Abstract

Gentle teaching and visual screening techniques have been used to control severe behavior problems in persons with mental retardation. An alternating treatments design was used to compare gentle teaching, visual screening, and a task-training condition in the reduction of the high-level stereotypy of 3 persons with mental retardation. Following a baseline phase, a task-training condition using standard behavioral techniques was implemented to establish the effects of training the subjects on the tasks. Results showed a modest decrease in stereotypy. This phase was followed by an alternating treatments phase in which visual screening, gentle teaching, and baseline conditions were compared.
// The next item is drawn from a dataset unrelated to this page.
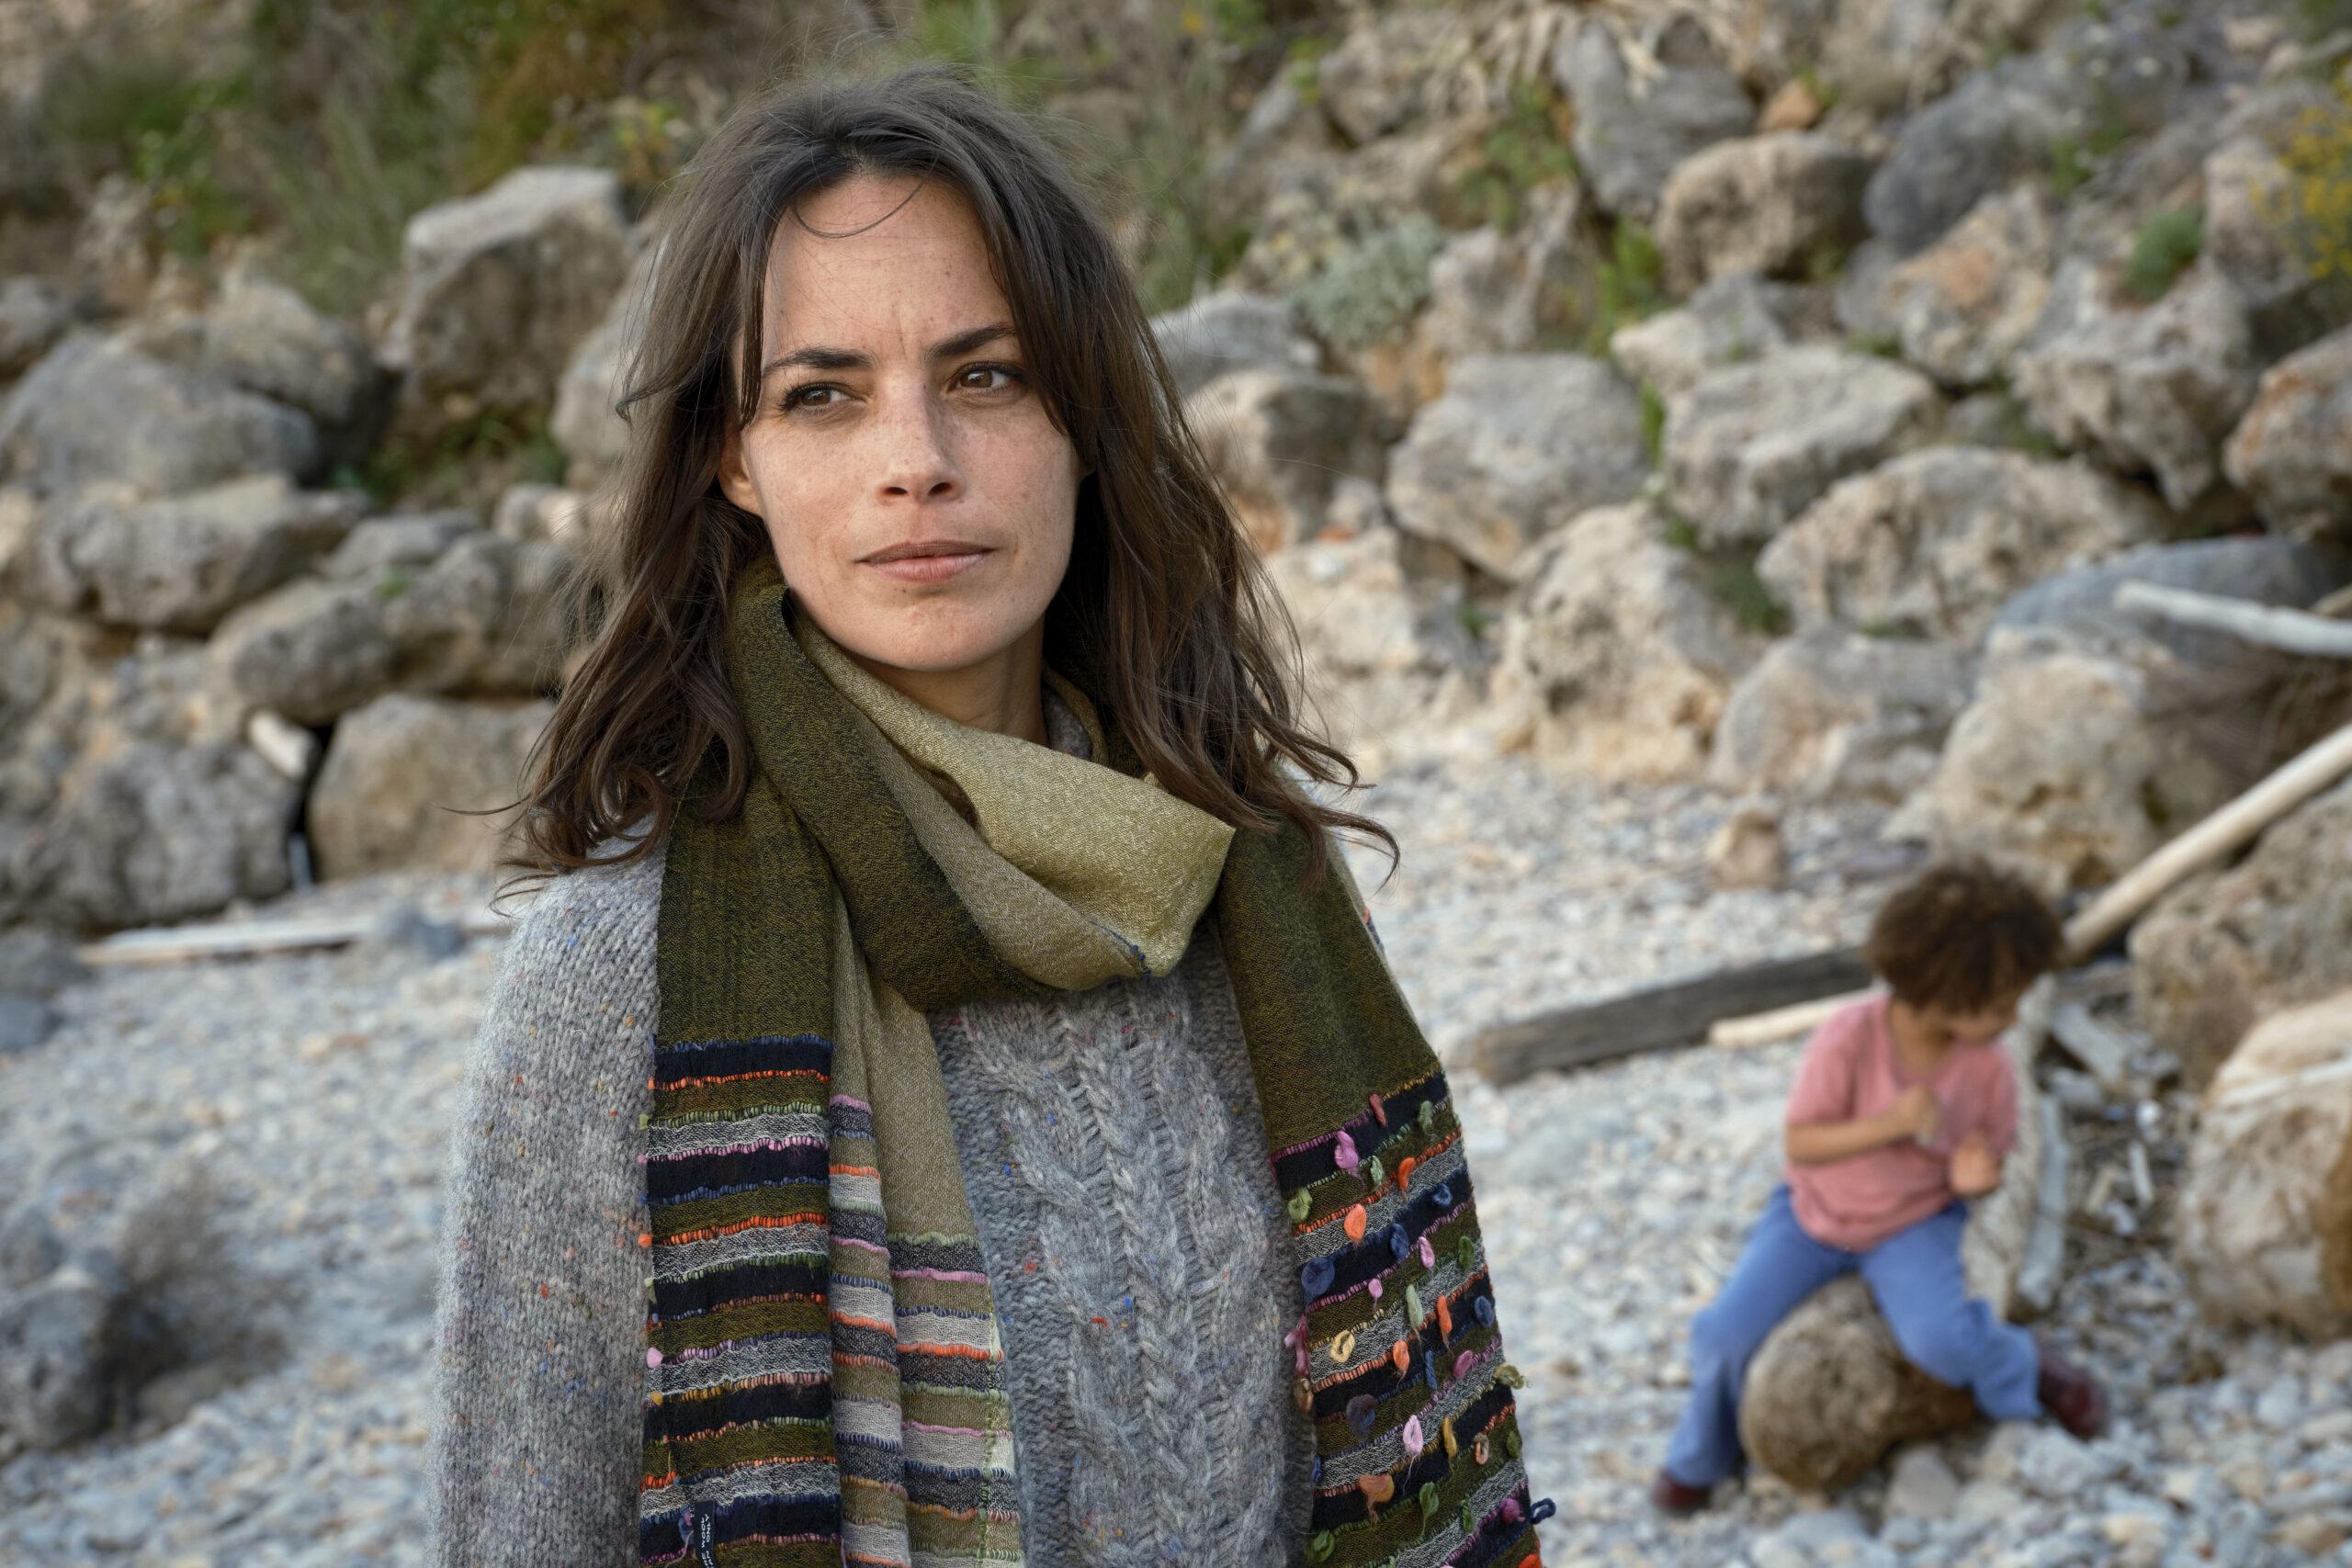 Colibrì: Berenice Bejo

Both procedures were superior to the control condition in reducing stereotypic behavior, with visual screening being more effective than gentle teaching. When compared with data from the prior phase, gentle teaching was found to be more effective than task training for 2 subjects but less effective for the 3rd, whose stereotypy increased during gentle teaching. Two succeeding phases in which visual screening was implemented across two and then all three daily conditions reduced stereotypy further to near-zero levels. An additional phase with 1 subject demonstrated that the treatment effects of visual screening were easily replicated across therapists. Mixed and idiosyncratic changes in collateral behaviors occurred. For example, "bonding," the goal of gentle teaching, occurred at the same low levels under both treatments, contrary to the predictions of gentle teaching's proponents. The results indicate that gentle teaching may not be the universal treatment of choice for stereotypy its proponents suggest, and that it requires further empirical evaluation.